# Fitting a Gaussian process kernel

In the [previous post](TODO: URL) we introduced the Gaussian process model with the exponentiated quadratic covariance function. In this post we will introduce parametrized covariance functions (kernels), fit them to real world data, and use them to make posterior predictions.

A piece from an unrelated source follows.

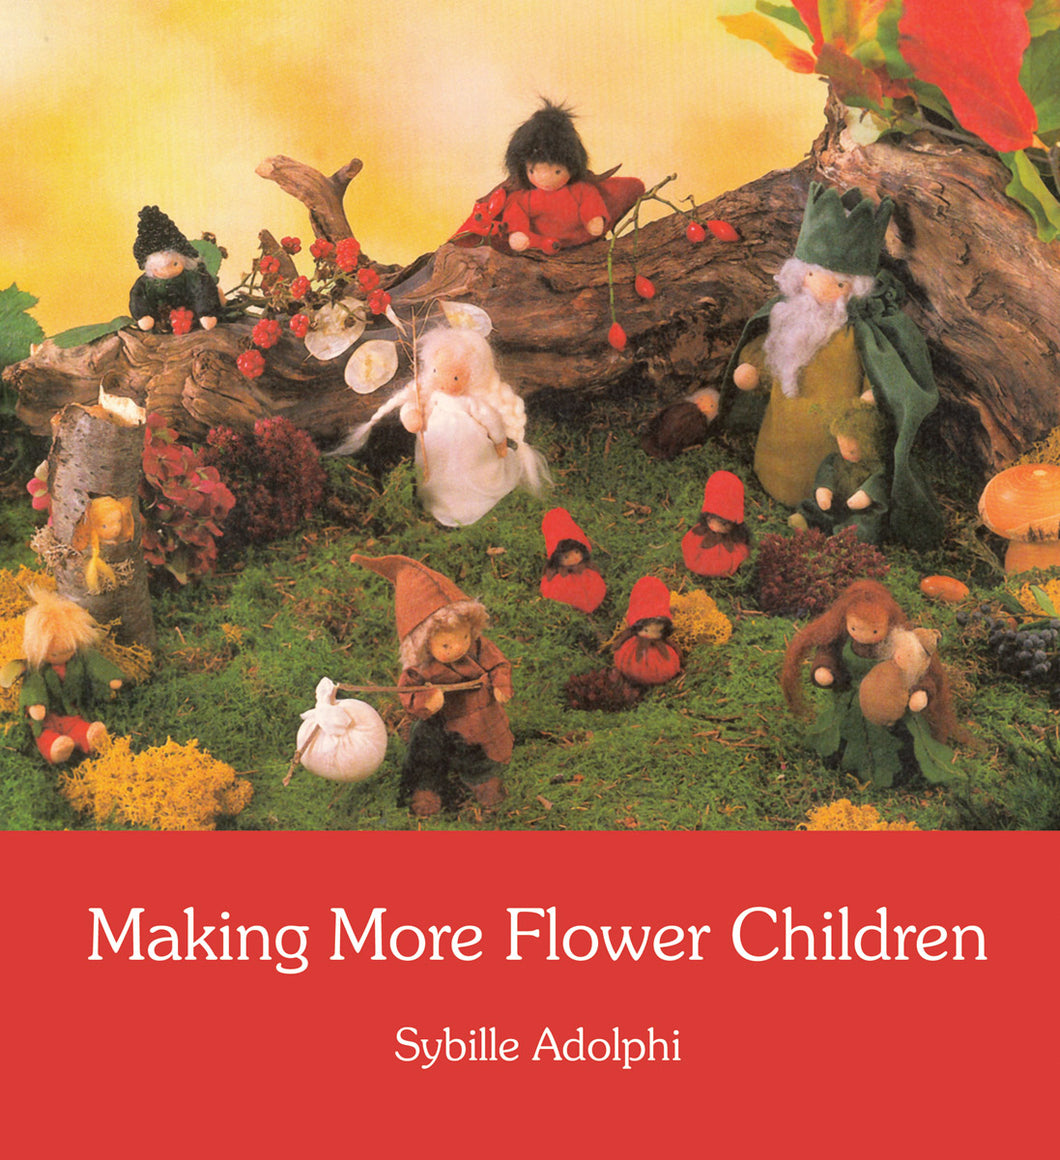 <i>Making More Flower Children</i> by Sybille Adolphi

We will implement the Gaussian process model in [TensorFlow Probability](https://www.tensorflow.org/probability/) which will allow us to easily implement and tune our model without having to worry about the details.

In [23]:
# Imports
%matplotlib notebook

import sys
import numpy as np
import pandas as pd
import scipy
import sklearn
import sklearn.datasets
import tensorflow as tf
import tensorflow_probability as tfp
import matplotlib
import matplotlib.pyplot as plt
import seaborn as sns
from functools import partial

import bokeh
import bokeh.io
import bokeh.plotting
from bokeh.models import BoxAnnotation, Span, Label, Legend, Title, LinearAxis, Range1d
from bokeh.palettes import brewer
bokeh.io.output_notebook(hide_banner=True)

tfd = tfp.distributions
psd_kernels = tfp.positive_semidefinite_kernels

sns.set_style('darkgrid')
np.random.seed(42)
tf.set_random_seed(42)
#

In [2]:
from polynomial import Linear
from rational_quadratic import RationalQuadratic

- https://www.tensorflow.org/probability/api_docs/python/tfp/distributions/GaussianProcessRegressionModel
- https://www.tensorflow.org/probability/api_docs/python/tfp/positive_semidefinite_kernels
- https://github.com/tensorflow/probability/tree/master/tensorflow_probability/python/positive_semidefinite_kernels

## Mauna Loa CO2 data

The dataset used in this example is the monthly average [atmospheric CO<sub>2</sub>](https://en.wikipedia.org/wiki/Carbon_dioxide_in_Earth%27s_atmosphere) concentrations (in parts per million (ppm)) collected at the [Mauna Loa Observatory](https://en.wikipedia.org/wiki/Mauna_Loa_Observatory) in Hawaii. The observatory has been collecting these CO<sub>2</sub> concentrations since 1958 and [showed](https://en.wikipedia.org/wiki/Keeling_Curve) the first significant evidence of rapidly increasing CO<sub>2</sub> levels in the atmosphere. 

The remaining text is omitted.